Just simple curiosity. =)


----------



## Yogiwick (Sep 30, 2013)

Hard to say what's causing it or if he has sabino or not without better pics. As far as the white it's common for horses (esp chestnuts) to have that "sort of not really roaned" look with or without sabino.


----------



## secuono (Jul 6, 2011)

Better pics how or rather, which would you need?


----------



## JCnGrace (Apr 28, 2013)

Like Yogi said, it's not uncommon at all for any horse and especially sorrels to have random white hairs. In the following picture you'll see what looks like a muddy spot near her last mane hairs. I bought that mare as a yearling and every winter she'd get that white spot. Not a sign of it in her summer coat.


----------



## JCnGrace (Apr 28, 2013)

Well, didn't aim for that second picture to show up and for some odd reason it doesn't when I try to edit. Ignore it.


----------



## QtrBel (May 31, 2012)

AWWW what a sweet face on that baby. Such a distinctive mark.


----------



## SunnyDraco (Dec 8, 2011)

secuono said:


> The more time I spend with him, the more I'm noticing lots of white hairs. Over his main body & neck, there are white tipped hairs and then I found white hairs on his muzzle, nose rim and eye.
> 
> He has two white rear socks up to his fetlocks and a tiny star on his head.

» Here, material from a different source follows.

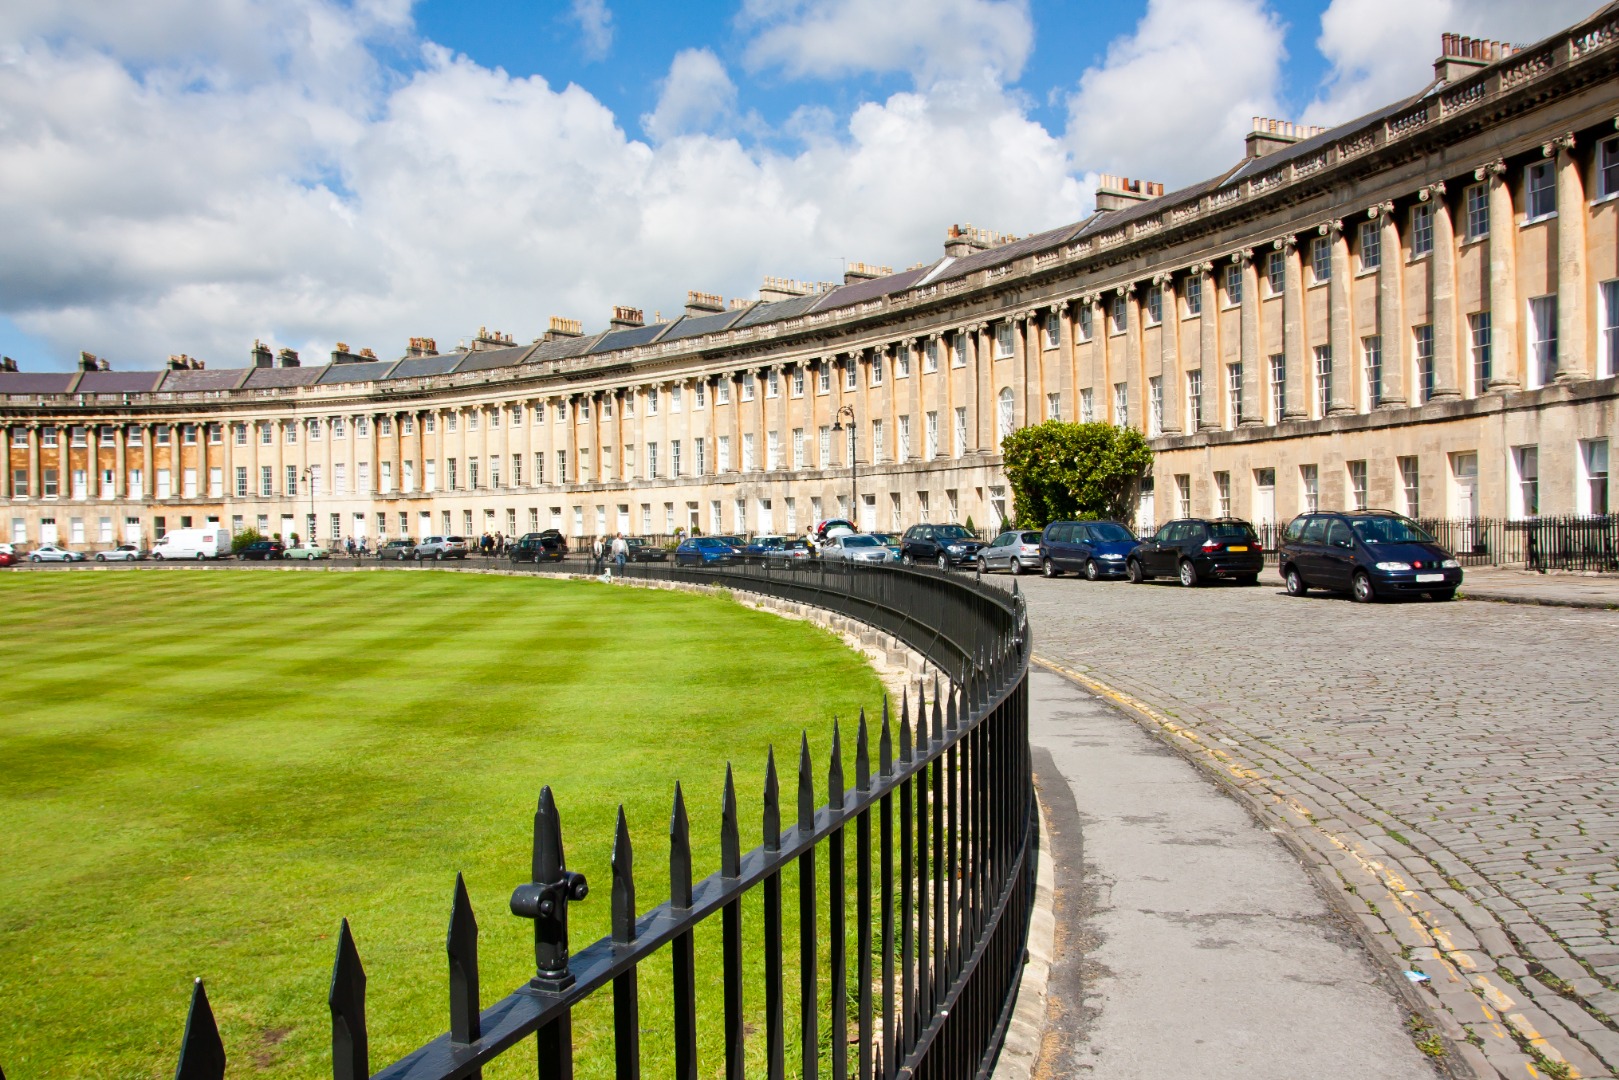 things to see in bath

Most of his breed are chestnuts with minimal white, some blacks and bays. He's 6mo. Don't know what his parents looked like.
> 
> ...


What breed is he? You list that most of his breed are chestnut but there are also bays and black. What about greys? Since you don't know what his parents looked like does that also mean that you don't know their colors as well? If one of his parents were a grey, he could be a grey as well and these white hairs are the beginning of the process. Otherwise, he likely is just more heavily roaned by sabino than most chestnuts as he does have heavy concentrations of white especially on his head at such a young age


----------



## secuono (Jul 6, 2011)

Corolla wild horse, Colonial Spanish Horse. I don't believe there are any greys out there, but I could be wrong. No one has shared any pictures of a grey in the herds, less than a hundred out there.


----------



## secuono (Jul 6, 2011)

So is it sabino? 
I want to correct a post they have, they think it's real roan or at least make it sound that way. 
If it's not caused by sabino, nor real roan, what is it?


----------



## Yogiwick (Sep 30, 2013)

I know it's not an answer, but the actual answer is that there are a lot of things people still just don't know!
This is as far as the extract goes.